* **Information provided**
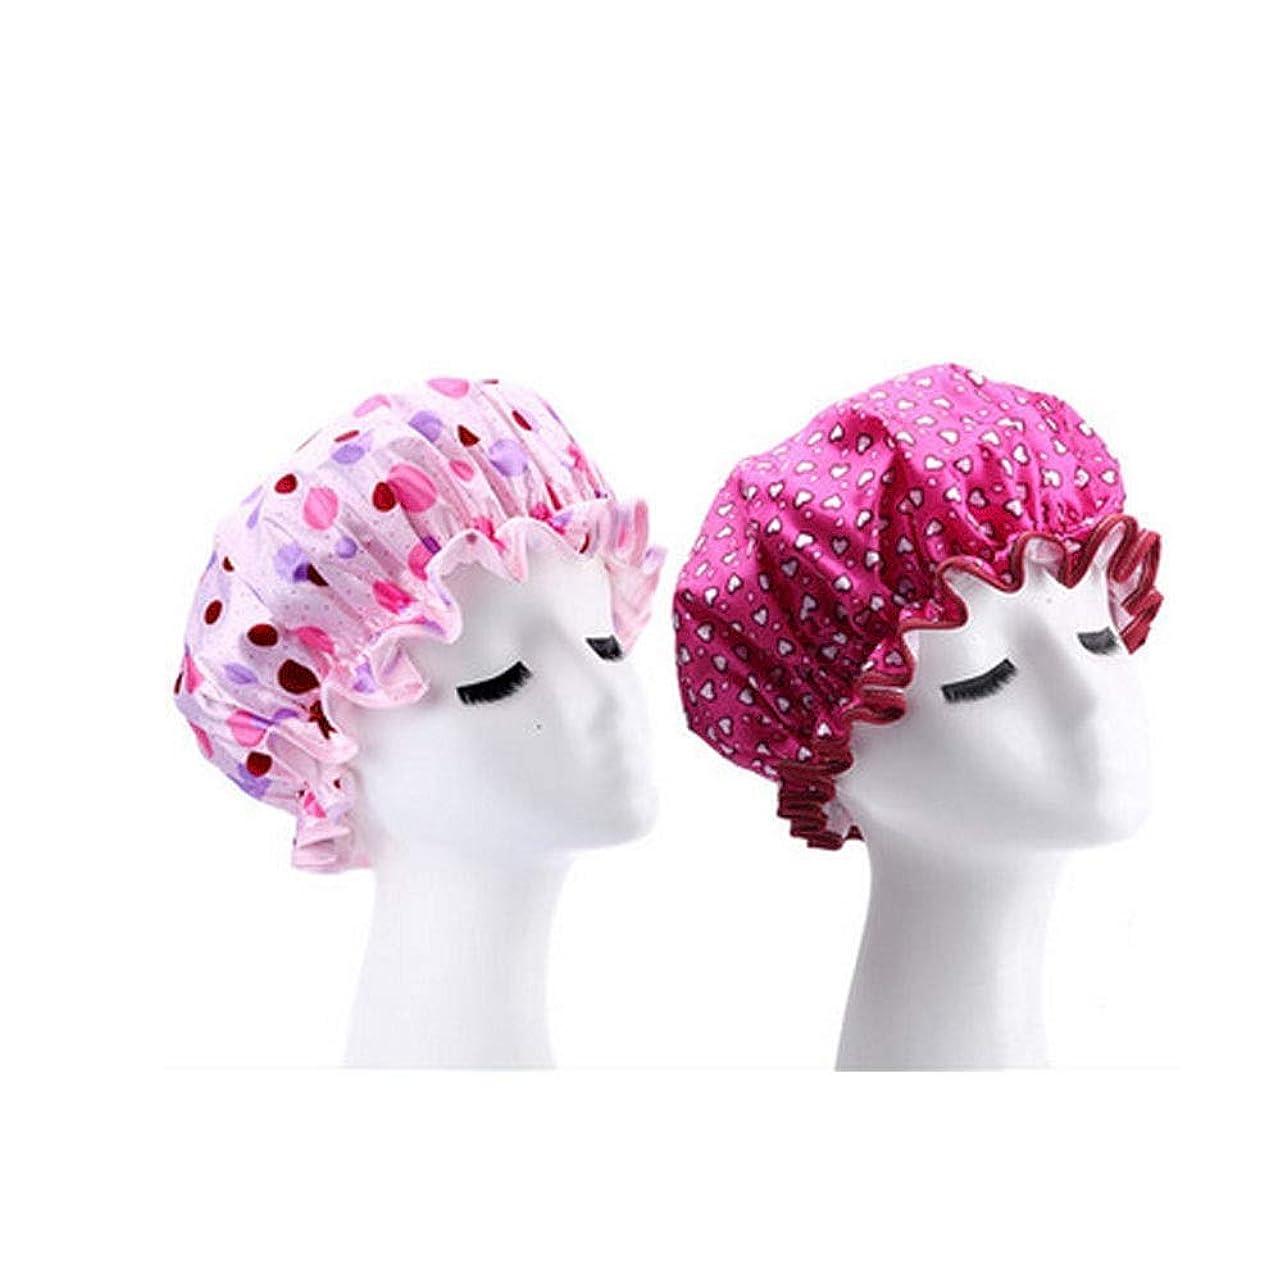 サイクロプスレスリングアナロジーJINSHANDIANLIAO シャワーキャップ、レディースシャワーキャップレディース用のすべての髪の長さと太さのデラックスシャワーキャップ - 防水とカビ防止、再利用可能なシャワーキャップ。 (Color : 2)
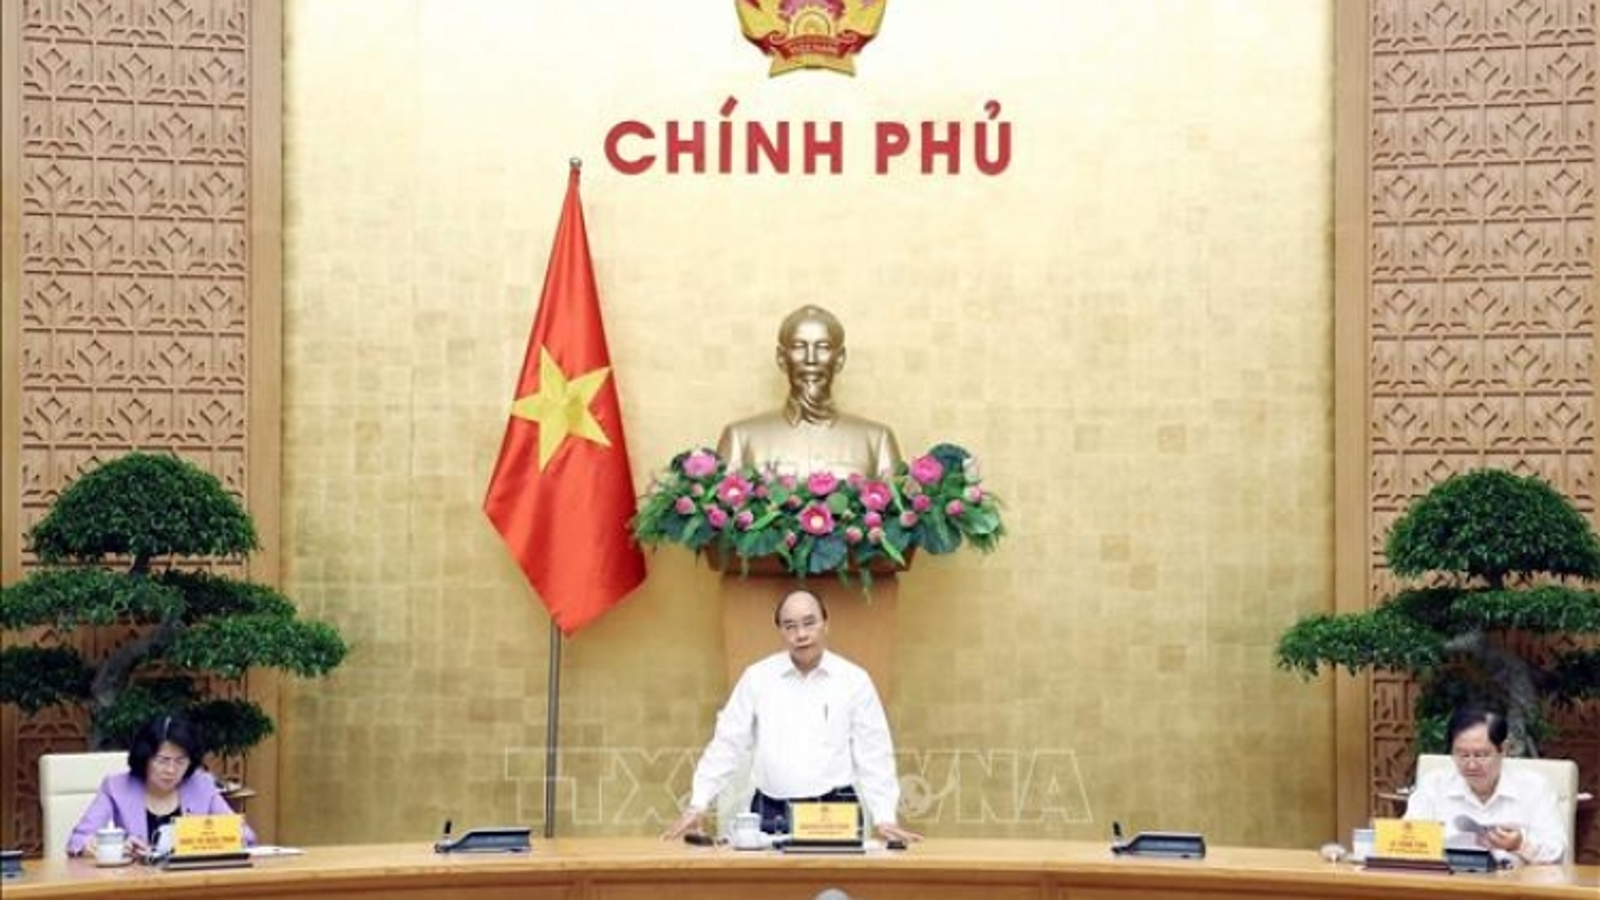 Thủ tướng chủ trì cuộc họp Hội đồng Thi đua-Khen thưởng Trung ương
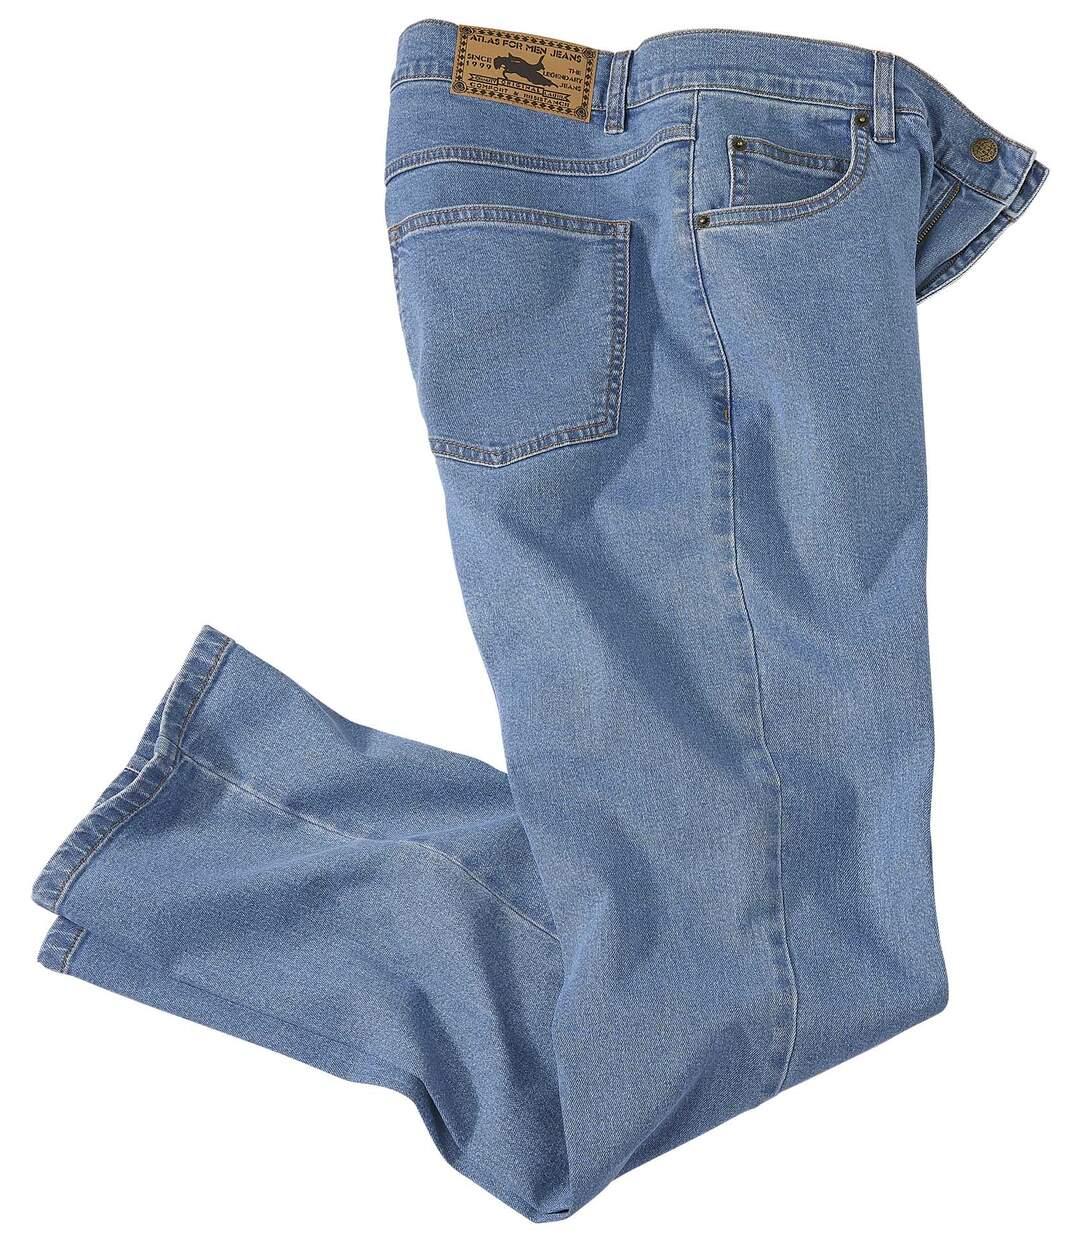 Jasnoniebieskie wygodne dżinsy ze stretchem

* **Your instructions**
No pictures, please. Output the listing above exactly as it stands.

* **Exercise answer**
 サイクロプスレスリングアナロジーJINSHANDIANLIAO シャワーキャップ、レディースシャワーキャップレディース用のすべての髪の長さと太さのデラックスシャワーキャップ - 防水とカビ防止、再利用可能なシャワーキャップ。 (Color : 2)
 Thủ tướng chủ trì cuộc họp Hội đồng Thi đua-Khen thưởng Trung ương
 Jasnoniebieskie wygodne dżinsy ze stretchem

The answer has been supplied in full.